- Founded: 1 December 2012
- Allegiance: NATO
- Branch: Sea warfare
- Type: Tactical level command
- Role: Command and control of maritime forces
- Part of: Allied Command Operations
- Headquarters: Northwood Headquarters, Hertfordshire, UK
- Website: mc.nato.int

Commanders
- Commander: Vice admiral Robert Pedre Royal Navy
- Deputy Commander: Vice Admiral Ludovic Poitou French Navy
- Chief of Staff: Rear Admiral Jose Enrique Delgado Spanish Navy

= Allied Maritime Command =

Central command for all NATO maritime forces

The Allied Maritime Command ( MARCOM) is the central command of all NATO maritime forces and the Commander MARCOM is the prime maritime advisor to the Alliance. When directed by the Supreme Allied Commander Europe (SACEUR), it provides the core of the headquarters responsible for the conduct of maritime operations. The command is based at Northwood Headquarters in Eastbury, Hertfordshire.

==History==
The Commander-in-Chief, Home Fleet (Royal Navy), gained a NATO responsibility as Commander-in-Chief Eastern Atlantic Area (CINCEASTLANT), as part of SACLANT, when the NATO military command structure was established in 1953. CINCEASTLANT headquarters was established at Northwood Headquarters in northwest London.

Commander-in-Chief Eastern Atlantic was redesignated as Commander, Allied Maritime Component Command Northwood ('CC-Mar' or AMCCN) around 2004. The command, which was renamed Allied Maritime Command Northwood in 2010, reports to Allied Joint Force Command Brunssum.

At the 2010 NATO summit in Lisbon it was decided to create a leaner and more effective command structure. This reduced the number of major headquarters from 11 to 7 and, in particular, led to the deactivation of the Allied Maritime Command Naples on 27 March 2013 leaving the newly named MARCOM as the sole maritime component in NATO.

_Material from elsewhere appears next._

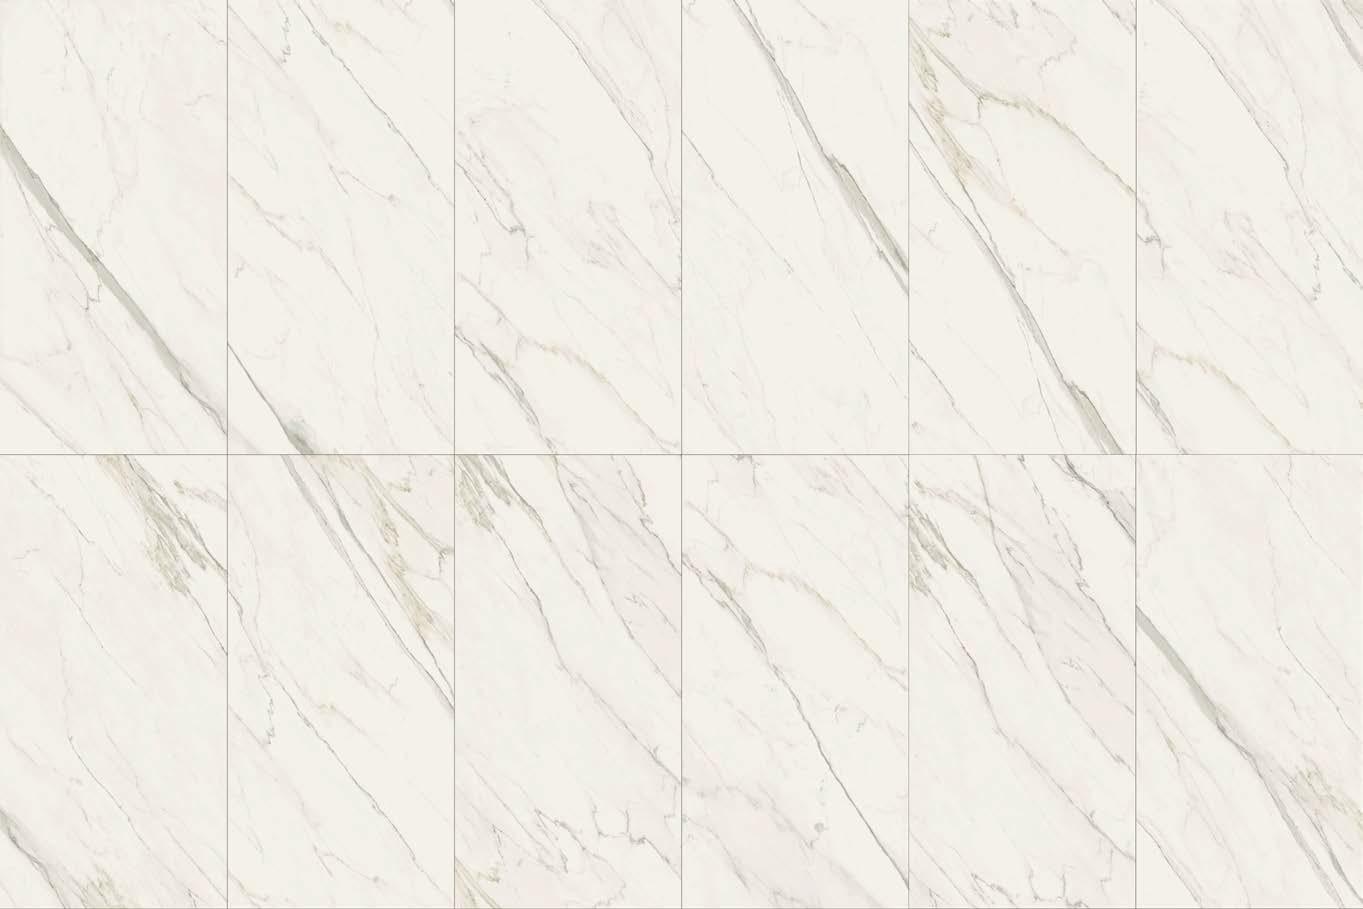 Gresie portelanata rectificata Iris Marmi 3.0 60x30cm 9mm Venato White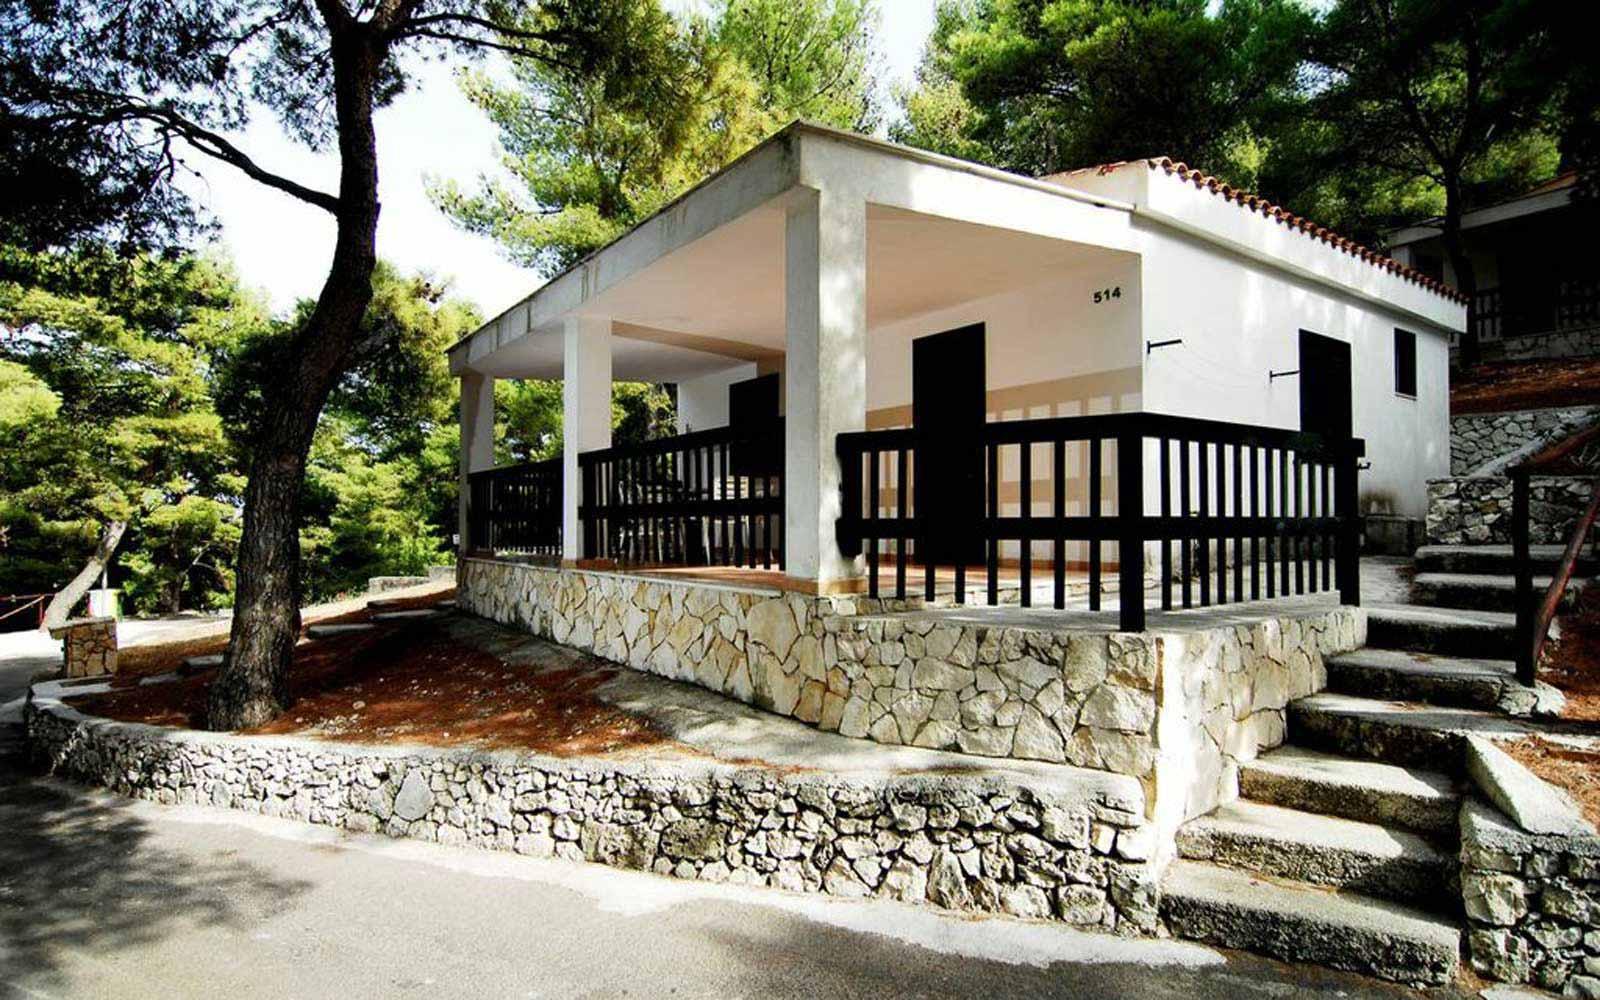 Exterior of the rooms at the Gattarella Resort

MARCOM led Operation Active Endeavour, NATO's only Article-5 operation which ended in 2016. MARCOM also led Operation Ocean Shield, NATO's counter-piracy operation in the Gulf of Aden and Indian Ocean which also ended in 2016.

Currently, MARCOM leads Operation Sea Guardian designed as a Maritime Security Operation to provide security in the Mediterranean Sea.

Peacetime Vigilance Activity is conducted under this command.

==Role==
MARCOM was created through the North Atlantic Council to ensure the interoperability of NATO maritime forces, and placed directly under the Supreme Allied Commander Europe to be the leading voice on maritime issues within the Alliance. It is responsible for planning and conducting all NATO maritime operations.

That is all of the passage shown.